Apporter la fonction Alpha aux enfants dans la tempête de violence familiale

par Holly Gordon 

"Je viens de me rappeler que je ne suis pas censé te dire ça." Tori, neuf ans, s'est interrompue, mettant un terme à sa description, à son mentor Clara, de l'incident violent de la nuit dernière où la police a été appelée chez elle.

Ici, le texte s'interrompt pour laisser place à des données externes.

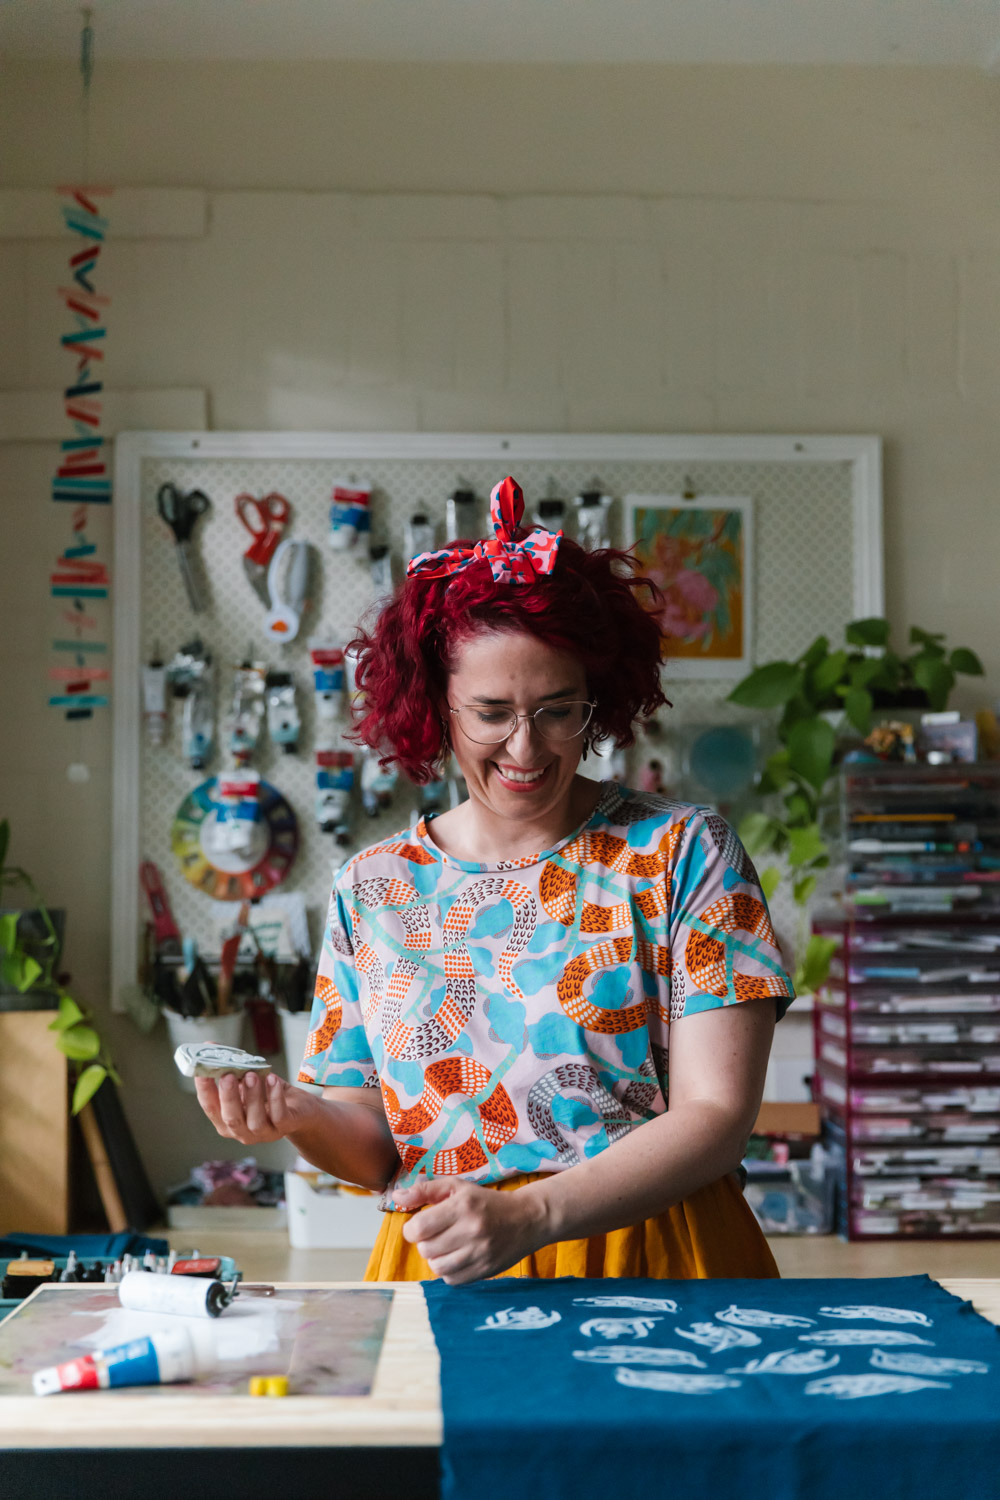 Portrait of a woman laughing while she block prints by hand onto navy fabric in her creative studio space

Tori est inscrite à l'organisation à but non lucratif Friends of the Children (FOC), (https://friendssfbayarea.org/) où je consulte bénévolement, qui travaille avec des enfants à risque dans un quartier défavorisé de San Francisco. 

La psychanalyste Kimberly Leary nous enjoint de tendre la main aux communautés que nous souhaitons rejoindre ; n'attendez pas qu'on vous demande : « Nous imaginons que nous devrions être invités dans un système pour consulter... mais faire partie d'un mouvement significatif dans une communauté - aller aux réunions locales, consacrer du temps et parler aux gens - c'est ça façon d'établir la confiance. (Schubert, 2021). Cela parle de mon parcours.

FOC emploie des mentors rémunérés à temps plein pour passer 4 heures par semaine avec chaque enfant, de la maternelle à la 12e année, en développant des capacités socio-émotionnelles, par exemple, l'autorégulation, la persévérance, trouver votre étincelle et votre appartenance. 83% des jeunes FOC obtiennent leur diplôme d'études secondaires, 93% évitent le système de justice pour mineurs et 98% évitent la parentalité précoce malgré le fait que 80% soient nés de parents adolescents. FOC est à l'échelle nationale et est financé par la philanthropie. Impressionné par l'efficacité du programme, McKenzie Scott a fait don de 44 millions de dollars à FOC dans tout le pays; 2.4 millions de dollars sont allés au FOC San Francisco en septembre 2022. 

Depuis son ouverture il y a 5 ans, je me suis porté volontaire en tant que consultant psychanalyste pour une conférence de cas bimensuelle à FOC, et je consulte des mentors qui me contactent (Gordon, 2020). Le directeur est un de mes amis, et j'ai rencontré le directeur du programme pour explorer la possibilité de faire une place à la consultation psychanalytique avec ce programme qui n'avait pas de modèle de consultation. FOC était exactement le cadre que je recherchais : conseiller les travailleurs communautaires au service des enfants, faire sortir les concepts psychanalytiques de confinement, de fonction alpha et de réflexion du bureau et dans la rue. À mon tour, j'apprends à connaître les mondes des enfants et des mentors.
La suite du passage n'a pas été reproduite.